The response data schema depends on the query that was specified. In this example, it consists of these nodes and fields:
-
Response
Response Schema Field/Node Notes accounts
Node of accounts being queried balance
Value of queried account id
ID of queried account name
Name of queried account
-
-
Refresh: Click the refresh icon or the word Refresh to regenerate schemas from the Amazon Redshift endpoint. This action also regenerates a schema in other locations throughout the project where the same schema is referenced, such as in an adjacent transformation.
-
Back: Click to temporarily store the configuration for this step and return to the previous step.
-
Finished: Click to save the configuration for all steps and close the activity configuration.
-
Discard Changes: After making changes, click to close the configuration without saving changes made to any step. A message asks you to confirm that you want to discard changes.
Next steps
After configuring an Amazon Redshift Query activity, complete the configuration of the operation by adding and configuring other activities, transformations, or scripts as operation steps. You can also configure the operation settings, which include the ability to chain operations together that are in the same or different workflows.

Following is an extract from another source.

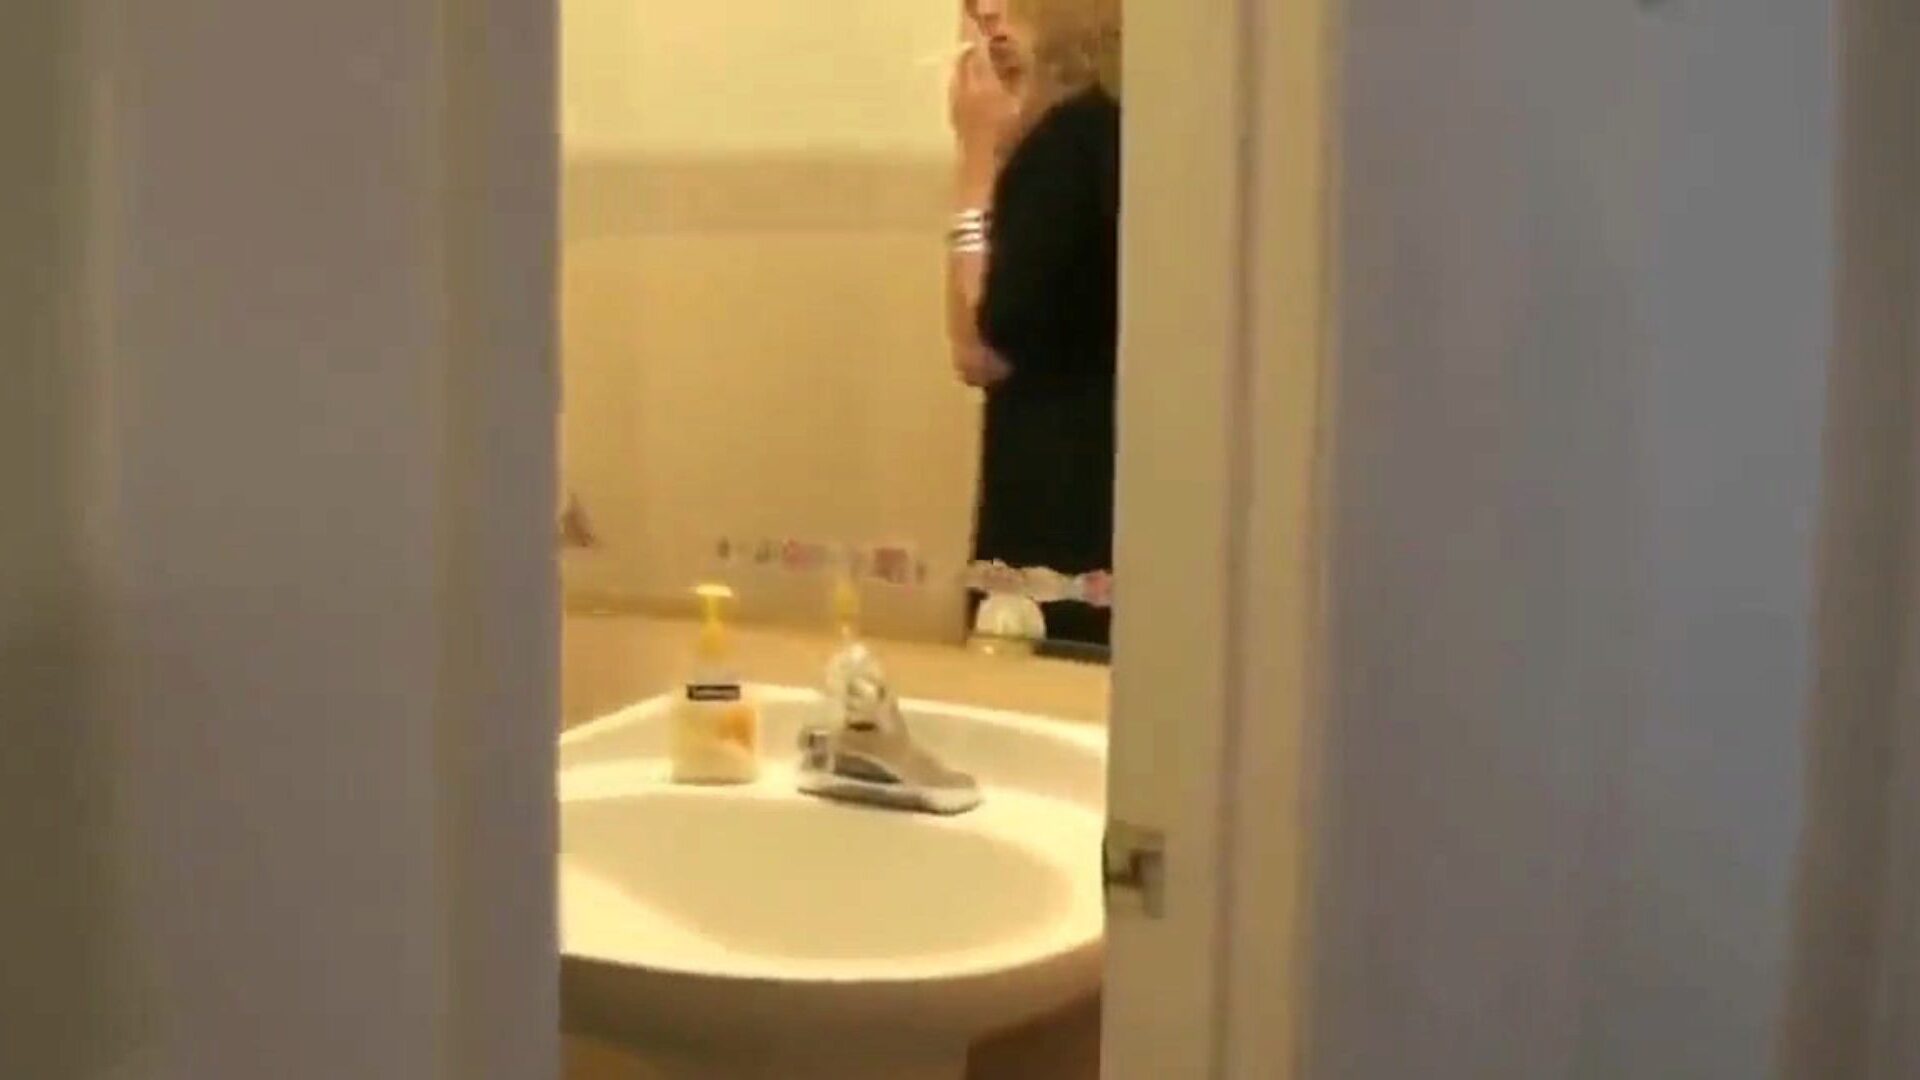 mãe fumando pega filho espionando ela no banheiro ... assista mãe fumando pega filho espionando ela no banheiro episódio de RPG no xhamster - o último bando de xxx mom free & free mobile mom hd pornography clips
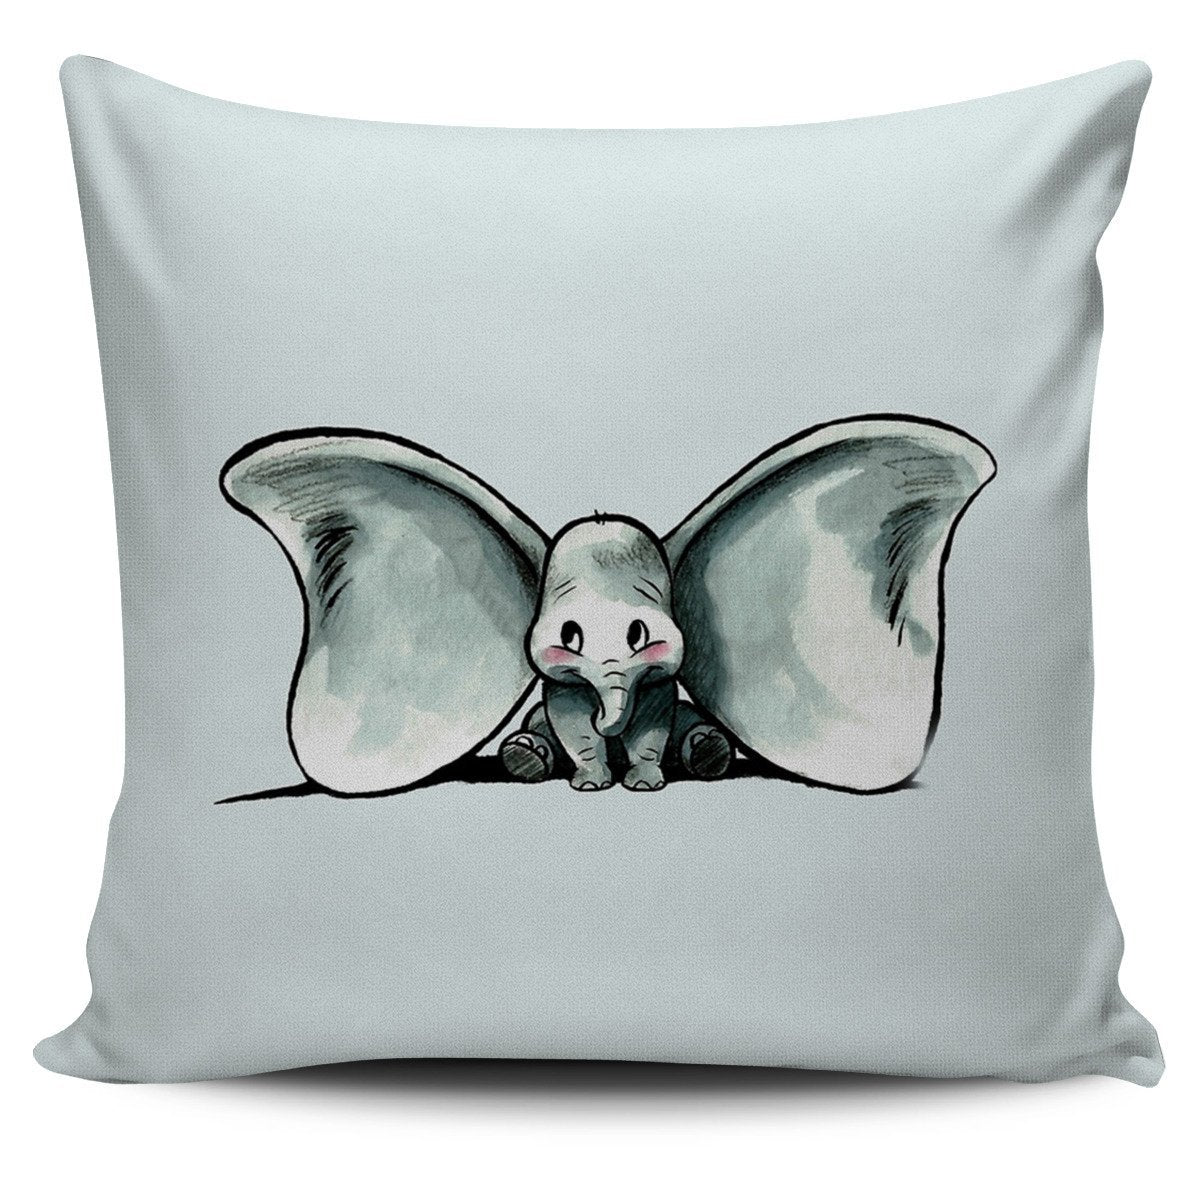 Dumbo Elephant Pillow Cover

Menu actions for an activity are accessible from the project pane and the design canvas. For details, see Activity actions menu in Connector basics.
Amazon Redshift Query activities can be used as a source with these operation patterns:
- Transformation pattern
- Two-target archive pattern (as the first source only)
- Two-target HTTP archive pattern (as the first source only)
- Two-transformation pattern (as the first source only)
To use the activity with scripting functions, write the data to a temporary location and then use that temporary location in the scripting function.
When ready, deploy and run the operation and validate behavior by checking the operation logs.